Many diagnosed in their adolescence or adulthood can have a normal life expectancy.

Pohamara had six children - now aged 22, 20, 18, 15, 7 and 6 - before she became pregnant with Katana.

She said the pregnancy was different from her previous ones - she didn’t feel her unborn baby moving as often as she had felt her others.

Mum Angelica Poharama with her daughter Katana Morunga. Photo / Supplied
Mum Angelica Poharama with her daughter Katana Morunga. Photo / Supplied

Born three weeks premature in 2024, there were initially no alarm bells about Katana.

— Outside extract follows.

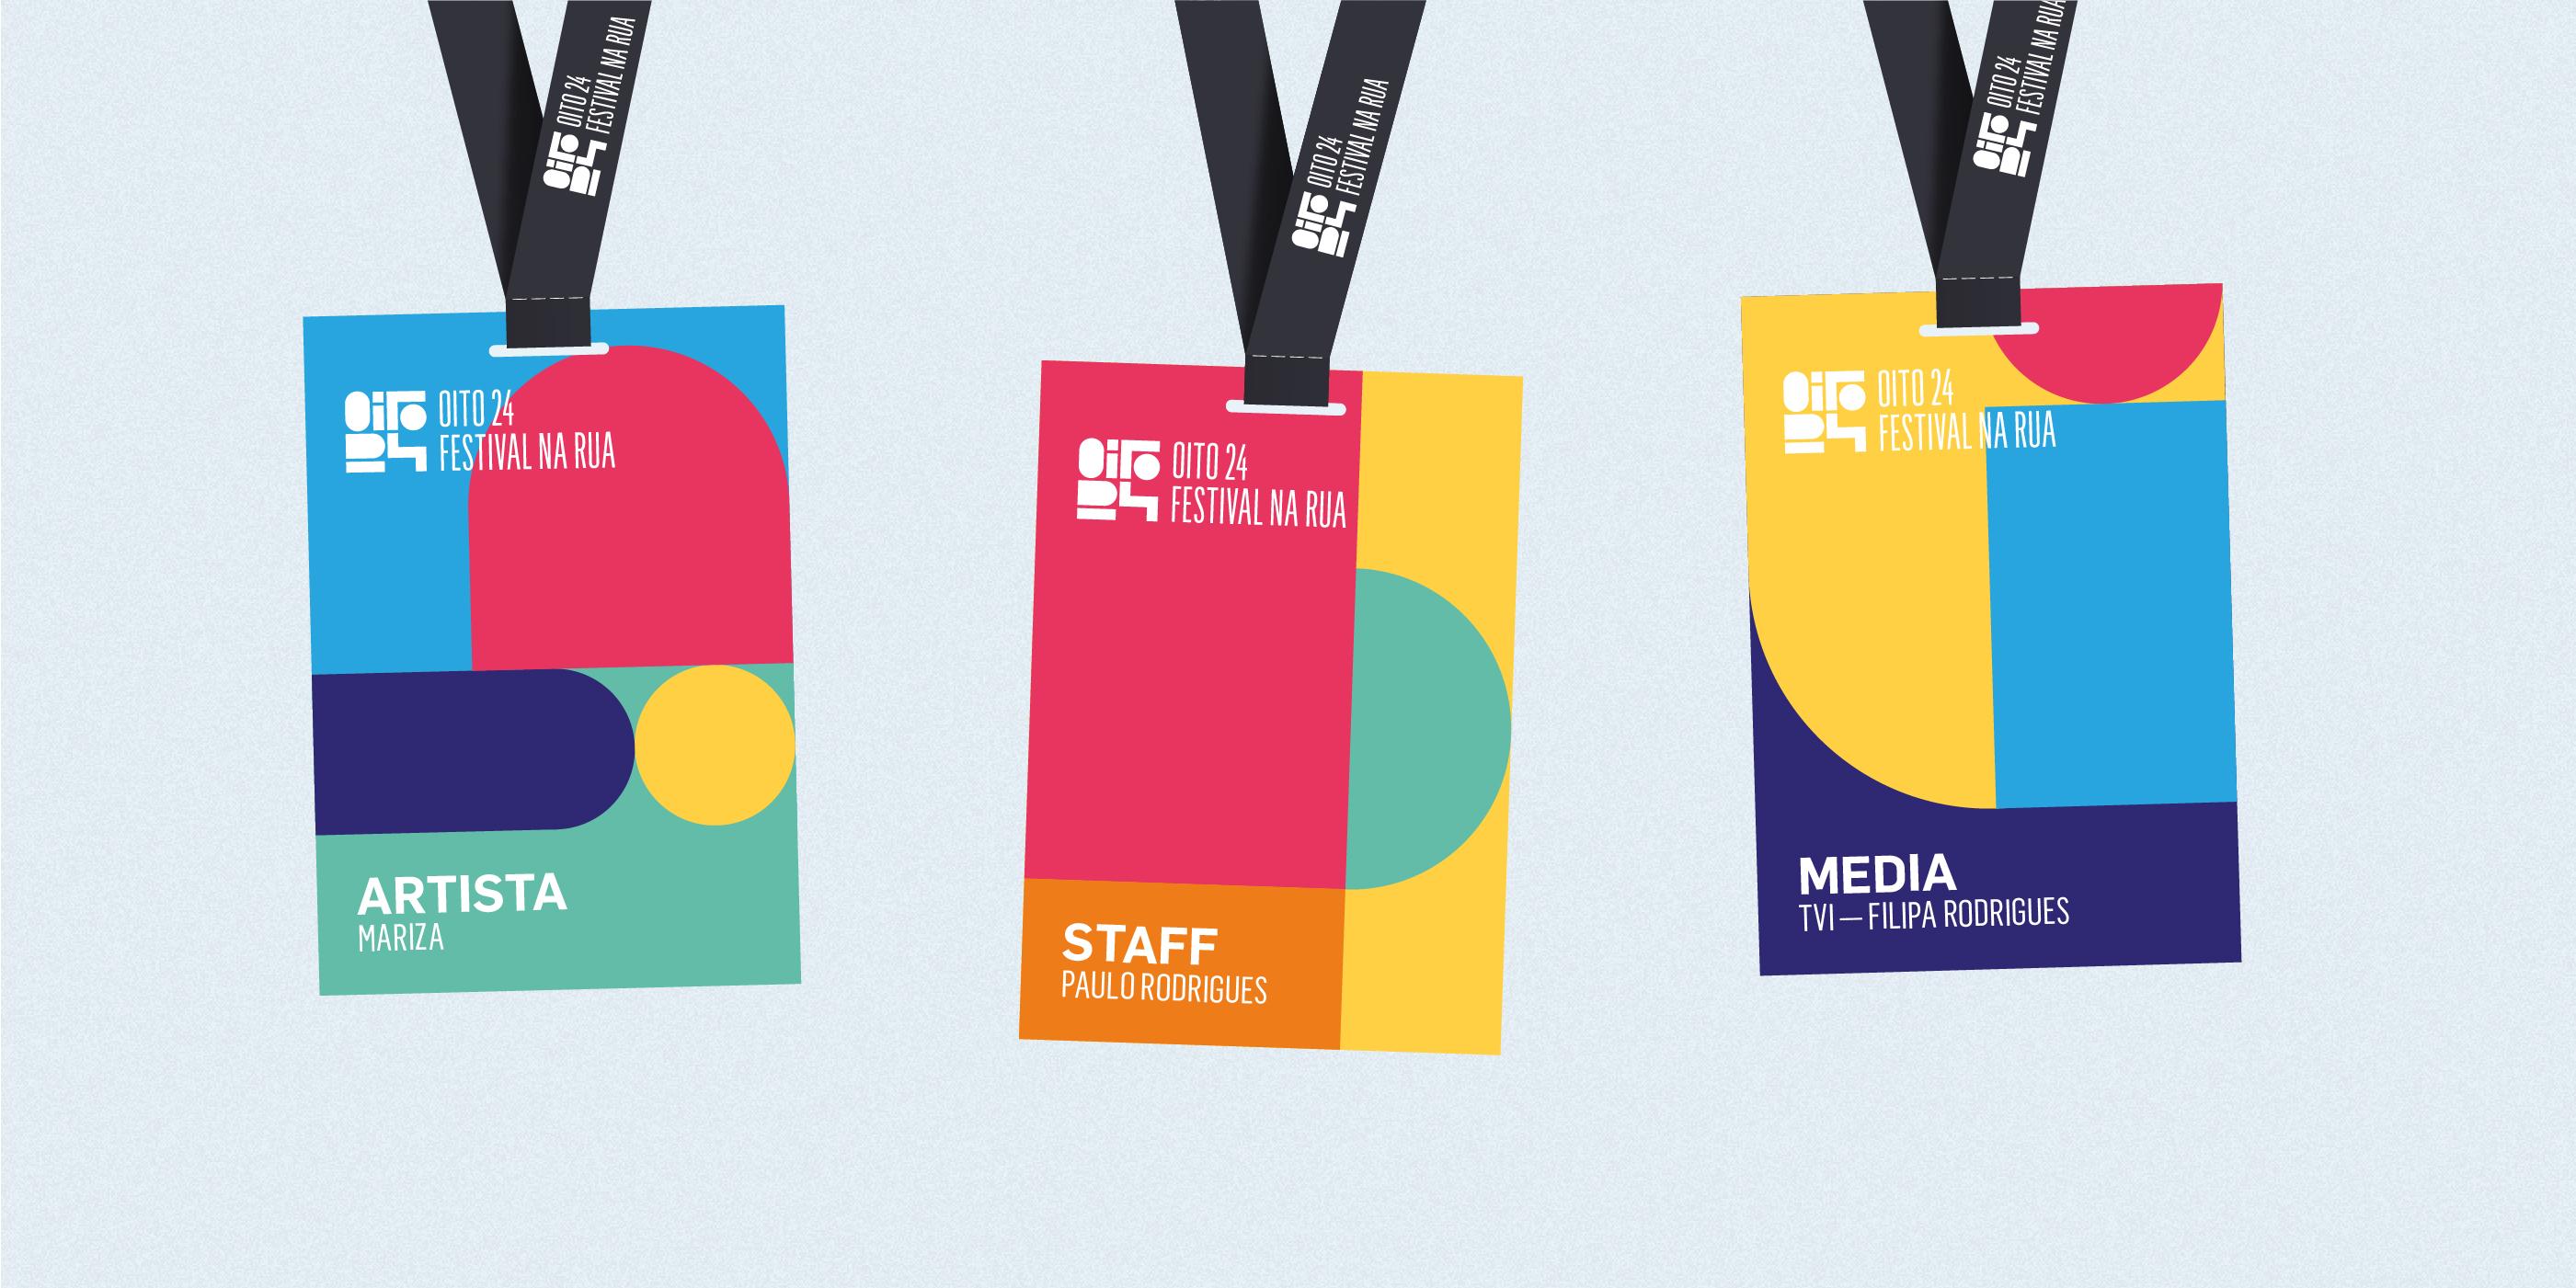 André Duarte Concept Branding for OITO 24 Festival

But at 5 months old, doctors noticed hypertonia – increased muscle tone, causing her muscles to be stiff and resistant to movement, caused by damage to the brain or spinal cord.

Blood tests and genetic testing led to the diagnosis of the rare hereditary mutated gene condition.

Symptoms include muscle weakness, facial and eye muscle weakness (ptosis) and potential respiratory problems.

An ultra-rare genetic disorder has seen baby Katana Morunga hospitalised 30 times. Photo / Supplied
An ultra-rare genetic disorder has seen baby Katana Morunga hospitalised 30 times. Photo / Supplied

Pohamara - who has whakapapa to Hokianga and Ngāi Tahu - said Katana’s diagnosis was devastating.

“I was blessed to have another girl after five boys and my older girl and for her to be our special baby.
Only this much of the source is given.